Does their vision align with your particular vision of how you want this to go? What are their deliverables? And do they offer any sort of staff trainings? And how do they actually give the training out to your staff? Well, if you do your own phishing campaign, there’s a lot of options out there. There’s a lot of open-source ones. And there’s some paid sets that you can actually use. Social-Engineer Toolkit is a pretty easy one to use. It’s preloaded in Kali Linux. Or you could actually download it and install it on a lot of different operating systems. There’s Lucy, which is another open-source solution. And Gophish is another popular one, another open-source phishing tool kit.
Now, the nice thing about these open-source ones like Gophish, it’s again, open source. So it’s free for the most part. You could actually pay money to actually get better templates, better insight. But essentially, they’re pretty easy to run. So they give you templates and targets. You could import it. You could add a nice web UI for you to get into a full HTML editor so you can easily kind of modify these templates that you’re building customised for your particular campaign. And when you launch the campaign, emails are sent in the background. You could also schedule a campaign to launch whenever you want. So this is handy for the start and stop time that you have.
And especially, if it’s going to be a repeated campaign, you could just schedule it out and just let Gophish do its thing. And this particular program will track the results. Detailed results are delivered in near real time and can be exported in reports. The export is going to be important because whoever you are doing this phishing attack for - it’s your IT manager, CTO, whatnot - they’re going to want to see what the actual deliverables are. What are the statistics? Who clicked on it? Who submitted information? Who didn’t open it? Et cetera. So again, going to be very important. And this particular program, you can install for Windows, Linux, or OS X.
Now, if you outsource it, there’s a lot of different options also. And again, I do recommend that you do your research and make sure that these particular companies are going to be able to work out for you, that they are going to fit within your price range, that they’re able to deliver what you want them to deliver, and that they are reputable companies. So the real big one out there is Social-Engineer. The person who runs this is Chris Hadnagy. And this particular one is pretty interesting. They give talks at Black Hat. They have books on social engineering. And they have a website that gives a lot of information on phishing and social engineering. There’s also KnowBe4. KnowBe4 is another company.
And they also offer some free tools. And they’ll run phishing campaigns for you also. Or there’s PhishingBox, which you could get a demo with. And they’re also a pretty interesting company that can run phishing campaigns. But again, there’s a lot of different ones out here. These are some examples of outsourcing your phishing campaigns however. So in wrapping up, phishing campaigns can give you important awareness. And also, they can provide an important training tool. You want to consider - are you going do this in-house, or are you going to outsource it? Well, depending on your resources, skill sets, requirements, you can run a campaign in-house or you might need to outsource. Paid versus open source.
So there’s an abundance of tools out there - open-source and paid tools - for phishing campaigns. Be sure to pick carefully because you’re really going to need to figure out what tool’s going to fit your unique needs, because everyone’s needs for a phishing campaign is probably going to be a little bit different than someone else’s. Before you start, always make sure that you have written permission from management and the scope of work and deliverables before you even start.
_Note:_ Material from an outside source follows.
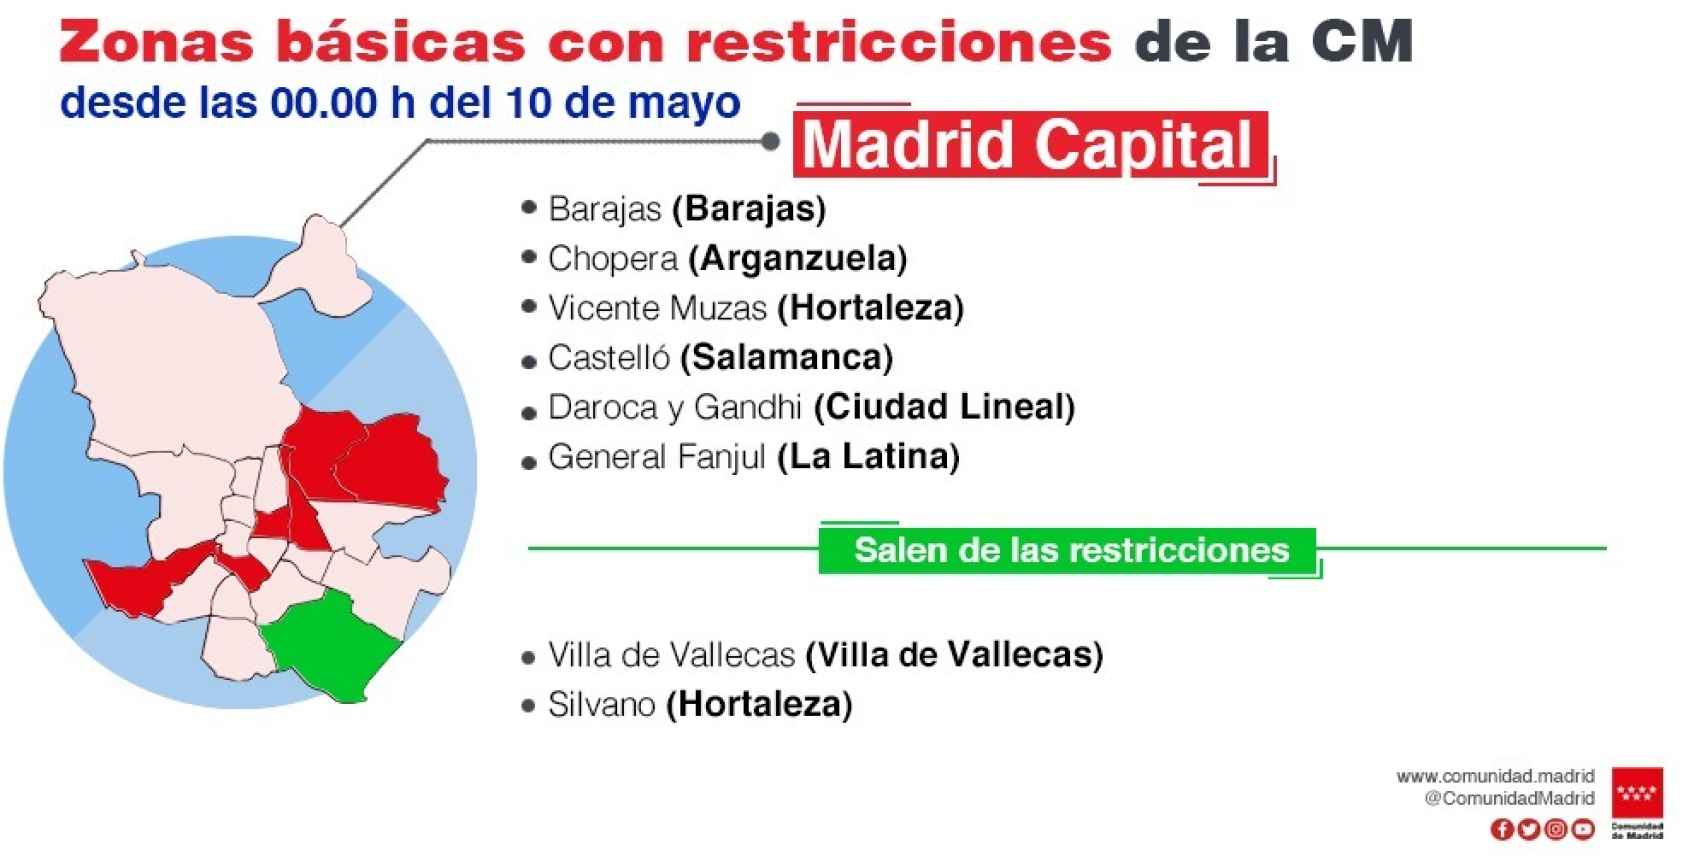 Zonas básicas con restricciones en Madrid capital

Documentation - documentation is important. So you’ll want documentation of expectations, deliverables, scope of work, the results, et cetera. Training - what type of training are you going to have for your staff? And how is it going to be made available?
Will the training be provided after someone clicks the email and opens it? There’s certain phishing emails that as soon as someone clicks on the link it’ll actually pop and go, “Hey, this was a phishing email. Hey, here’s a training link for you.” Or you’re going to offer training afterwards. These are all different options that you need to consider.
So this was all about phishing. In the next email, we’re going to talk about what a red team is. Thank you for watching. I’ll see you next video.

This video gives practical explanations on how to run a phishing campaign to test your network security.

Once you had been through the necessary considerations we discussed in the previous video, you considered how you would run a phishing campaign for your own organization. Now you will learn how to implement your phishing campaign in a way that will allow you to test your network security will be effective. Again, remember that you should not do this without the permission of your organization.

Prepare for the Test of the Week

You have now covered all the new content for this week! In the following step you will complete a test to assess your understanding of what you have learned within this past week of the course.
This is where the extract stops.